So this is wild.
As one of my new year's resolutions, I want to read more books in 2026. I started with a collection of ghost stories centered on the area I live in (which I deeply want to discuss but also don't want to doxx myself). Then after that, I started 変な家, which has been pretty heavily advertised over the last few years (and I think has a movie version that came out?). @miss-prince was enjoying hearing about the first couple chapters so much that she wanted to join in, and so she started reading the translation, Strange Houses, alongside me.
It was a lot of fun! We finished our respective copies of the novel, and were discussing this morning about the themes such as how very human foibles can easily lead into both the literal and metaphorical structures in which people need to then find space for themselves, and about how history is often directed by people who are on the margins of the "main narrative" and such, and then we realized something.
There's an inconsistency between the two versions. (There's a couple, actually, but usually they could be explained as intentional translation decisions made to preserve thematic resonance.) I won't get too into the specifics, as it's a spoiler, but in the Japanese version, Henna Ie, one character's fate is arrest and trial, while in the English Strange Houses, they go missing.

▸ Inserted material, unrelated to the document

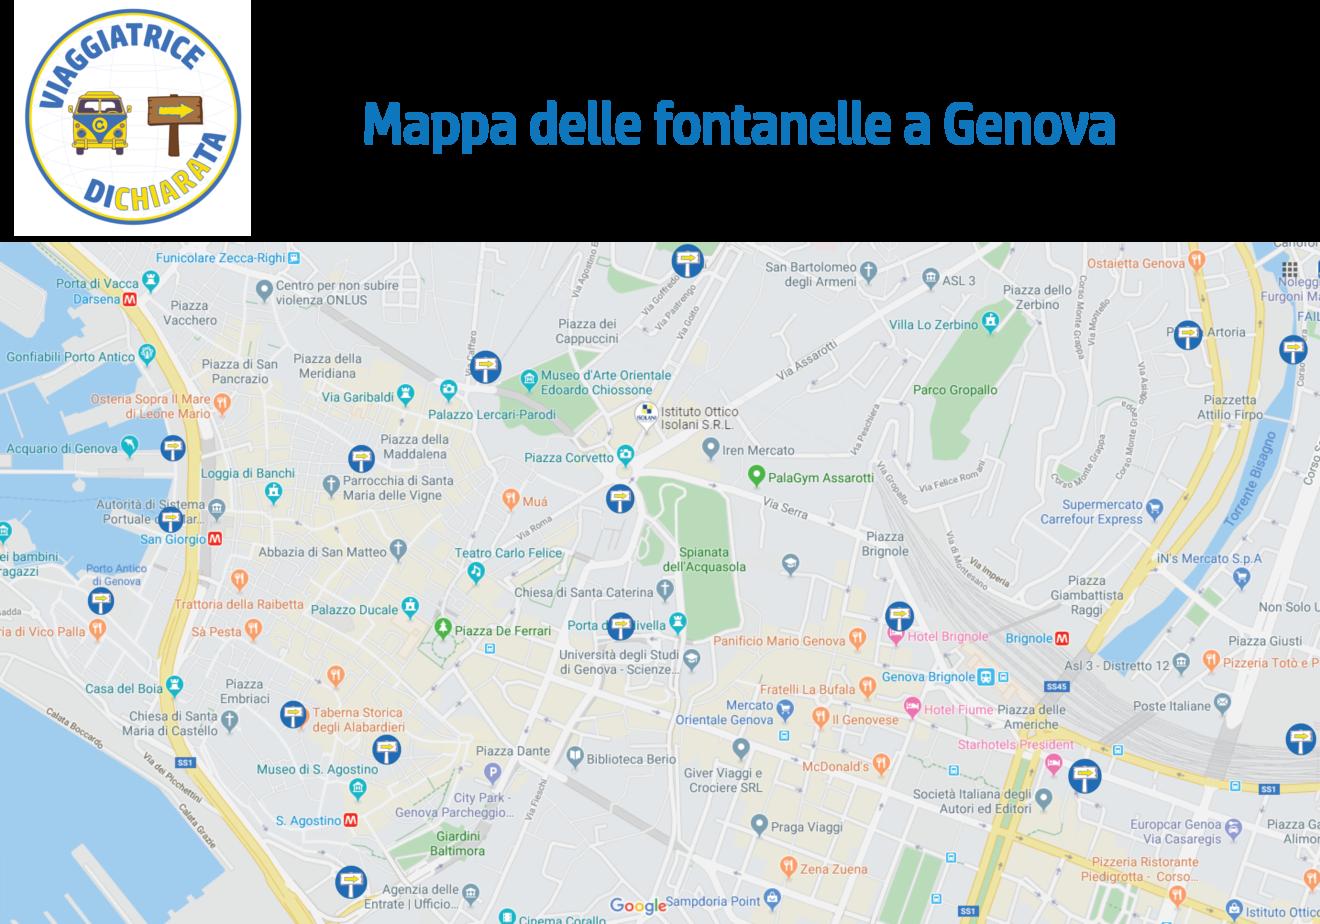 Mappa delle fontanelle a Genova

I also brought up a mystery plot point that never gets answered from the first chapter, and @miss-prince tells me that they address it again in the afterward. Confused, I start to read the last few pages of the book, and she says, "No, the afterword."

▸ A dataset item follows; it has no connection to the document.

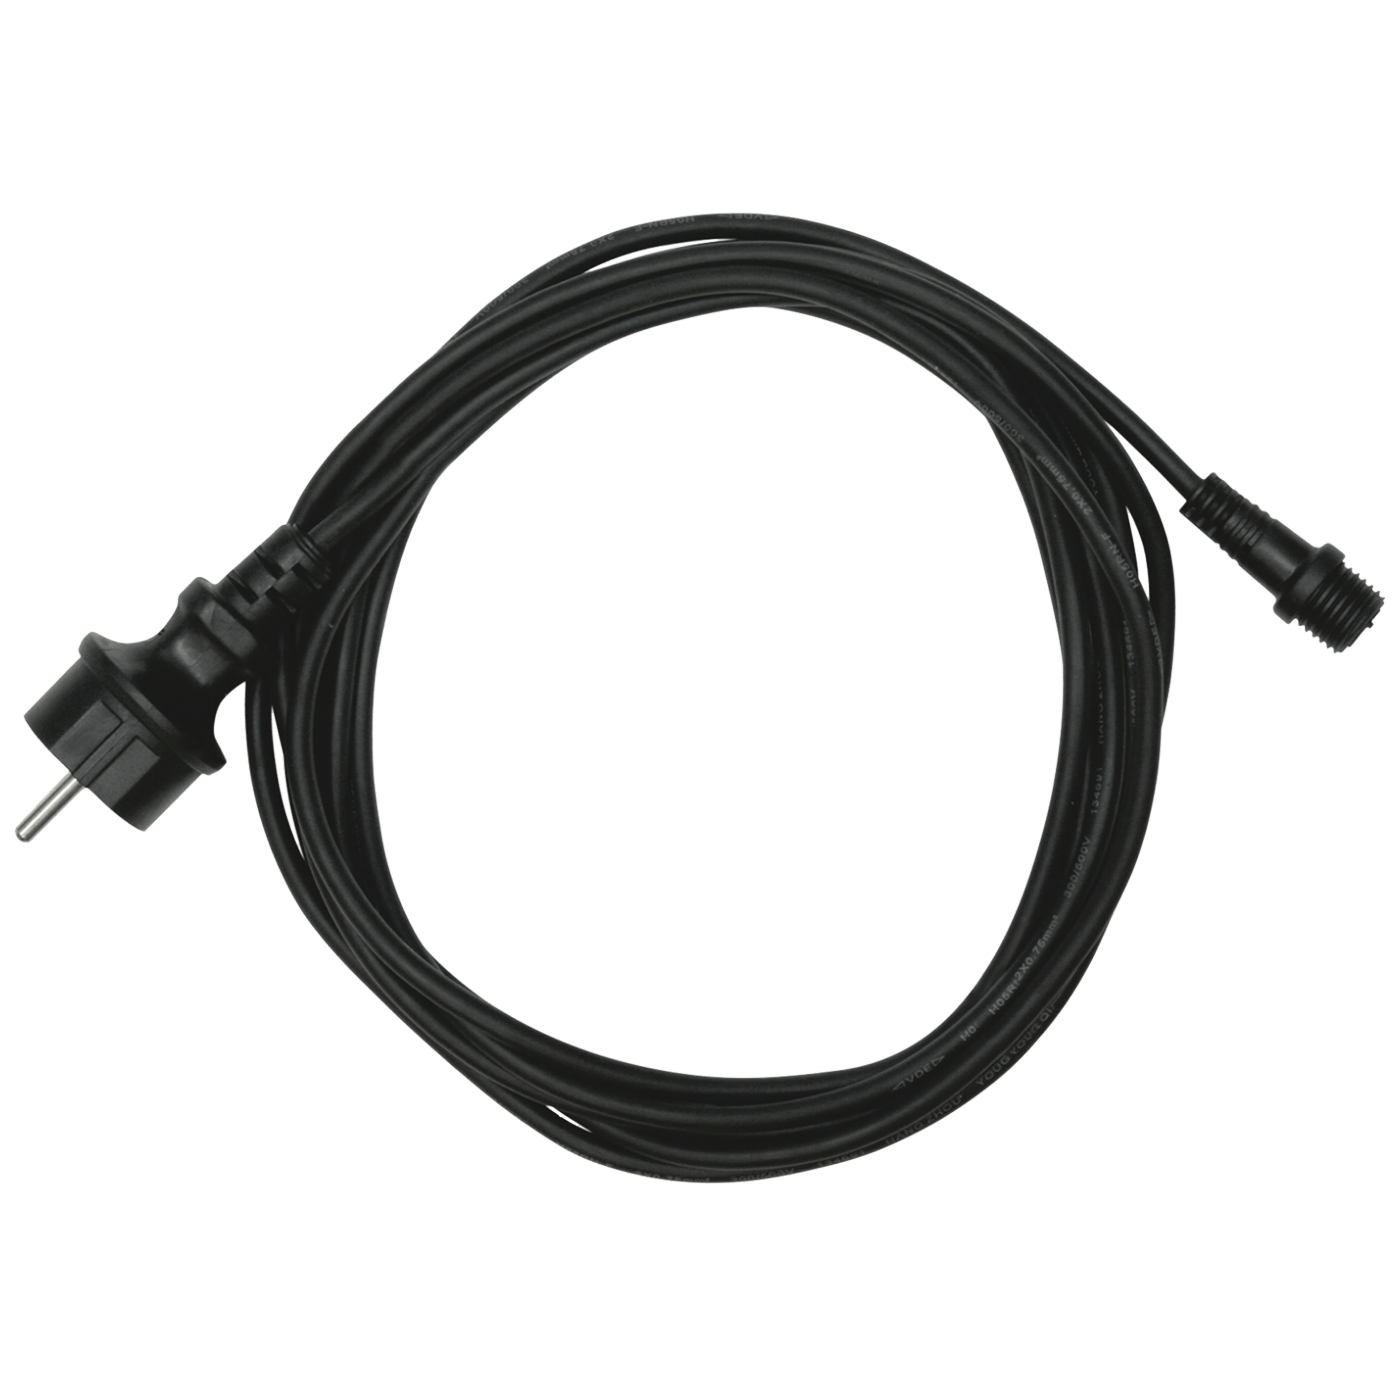 Kabl za napojni adapter, za KT i KS grupu, 5 met

me: There...isn't an afterword?
her: Yes there is. It's from the perspective of the contractor character.
me: It does not exist in the Japanese version.
her: What?!
She then read me the afterword in the English translation, which contained some key ancillary information that was NOT in my copy of the book.
Fascinated, she did some googling and found this blog post from the translator: (caution, there are spoilers)
Jim goes on a somewhat spoilery journey looking back on an issue encountered in translating Strange Houses by Uketsu, which ended up making
So it turns out that there was an afterword added to the bunkobon reprint of the book, but most fascinatingly, it's not the exact same as the one in the English translation.
I kind of love this.
It's a bit frustrating I suppose, given that I read the original print of the book and didn't get the information (though thankfully I was able to put a lot of those pieces together on my own lol), but it's made us reading both versions even more fun and engaging.
What a weird and cool circumstance!
Next we're going to tackle 変な絵 (Strange Pictures), of which I do own the bunkobon version, so we'll see how that goes as well.